Featured White Papers
Dickensian Intemperance: Charity and Reform
Novel: A Forum on Fiction, Fall 2003 by Claybaugh, Amanda
The great body of the prison population appeared to be Mivins, and Smangle, and the parson, and the butcher, and the leg, over and over, and over again. There were the same squalor, the same turmoil and noise, the same general characteristics, in every corner; in the best and worst alike. The whole place seemed restless and troubled; and the people were crowding and flitting to and fro, like the shadows in an uneasy dream. (737)
What this passage attempts to dramatize is the making of a synecdoche, the process by which Mivins and Smangle, the disreputable men with whom Pickwick first shared a cell, are transformed into the representatives of the "great body of the prison population." Such synecdoches are central to reformist representation, which relies on one "wretched woman" to stand in for all. Here, however, the process somehow gets stuck and the synecdoche is left unfinished, with both the "population" and its representatives visible at the same time. What impedes the process is the absence of narrative. Dickens refuses to emplot his prisoners on, for instance, the downward path of the temperance tale because he refuses to make a story of individual failure out of a general experience of suffering. In this way, he leaves the prisoners quite literally with nowhere to go. They can do nothing but "flit to and fro," "over and over, and over again." And Pickwick himself decides that he has "seen enough" and will henceforth confine himself to his own cell.

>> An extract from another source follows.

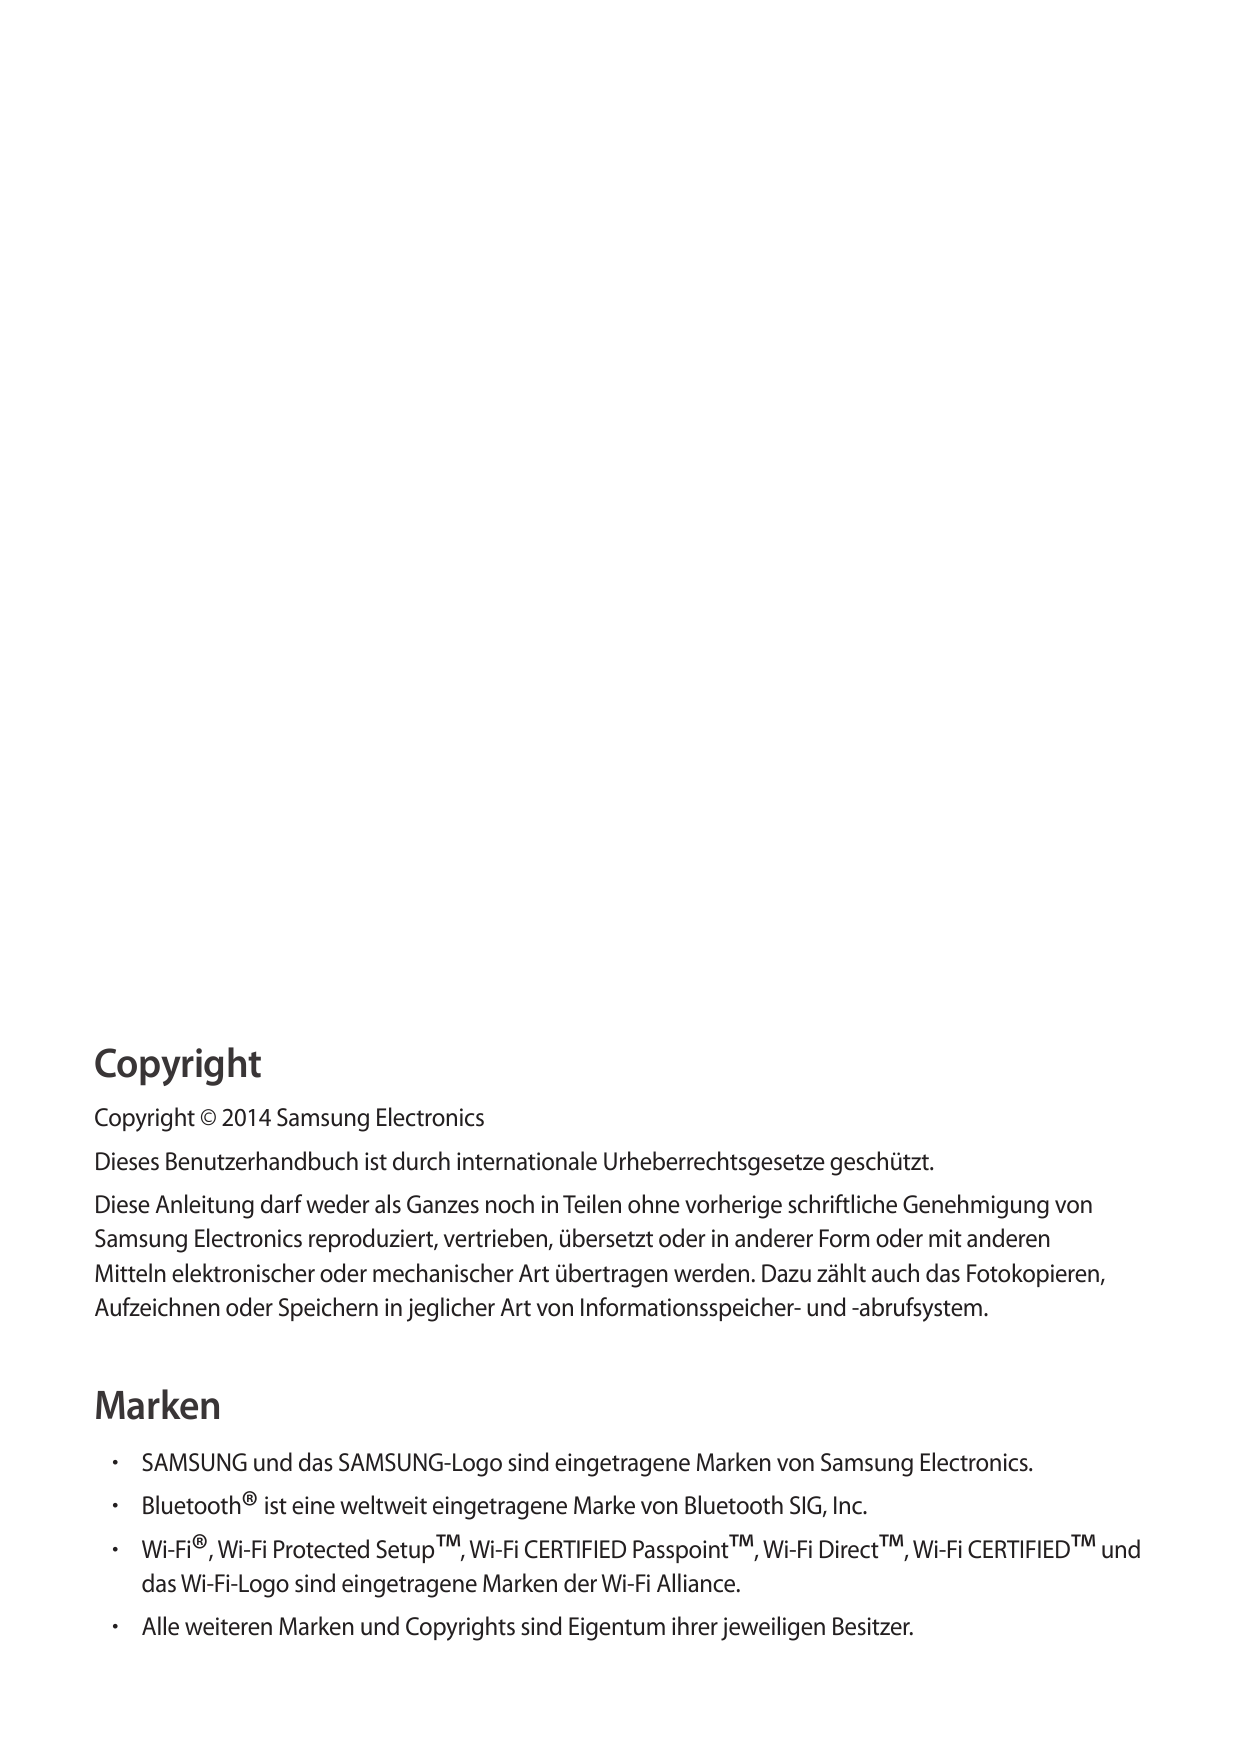 CopyrightCopyright © 2014 Samsung ElectronicsDieses Benutzerhandbuch ist durch internationale Urheberrechtsgesetze geschützt.Die

In doing so, Pickwick relinquishes any responsibility for the debtors he does not know. Their plight continues to trouble Dickens, however, and he will later claim that his concern for them bore fruit. Dickens returned to Pickwick ten years after it was finished, in order to write a new preface for the Cheap Edition of 1847. Taking this occasion to reflect on the changes that had occurred in the past decade, for his country as well as his career, he records that "important social improvements have taken place about us" since Pickwick's first edition (46). Dickens does not explicitly identify Pickwick as a reformist text, but the "improvements" he mentions in the second preface all follow directly from the events of Pickwick's plot. Pickwick had been harassed by a pair of almost comically rapacious lawyers, but now, Dickens reports, lawyerly "claws" have been pared by legal reforms; more importantly, the laws concerning debt have been altered, and "the Fleet Prison pulled down!" (46). Neatly pairing the abuses described and the reforms achieved, Dickens projects more such pairings into the future. He concludes with the hope that every future volume of the Cheap Edition might be matched with a new preface celebrating "the extermination of some wrong or abuse" that had been "set forth" within the volume itself (46). All of this is unsurprising, for Dickens the Reformer is a figure we know well, but it is worth noting that he lays claim to this status only by fiat and only retroactively. More importantly, it is worth recalling, as Sketches by Boz and The Pickwick Papers prompt us to do, that his own reformist writings emerge only through a recognition of reform's limitations and a struggle to develop his own forms.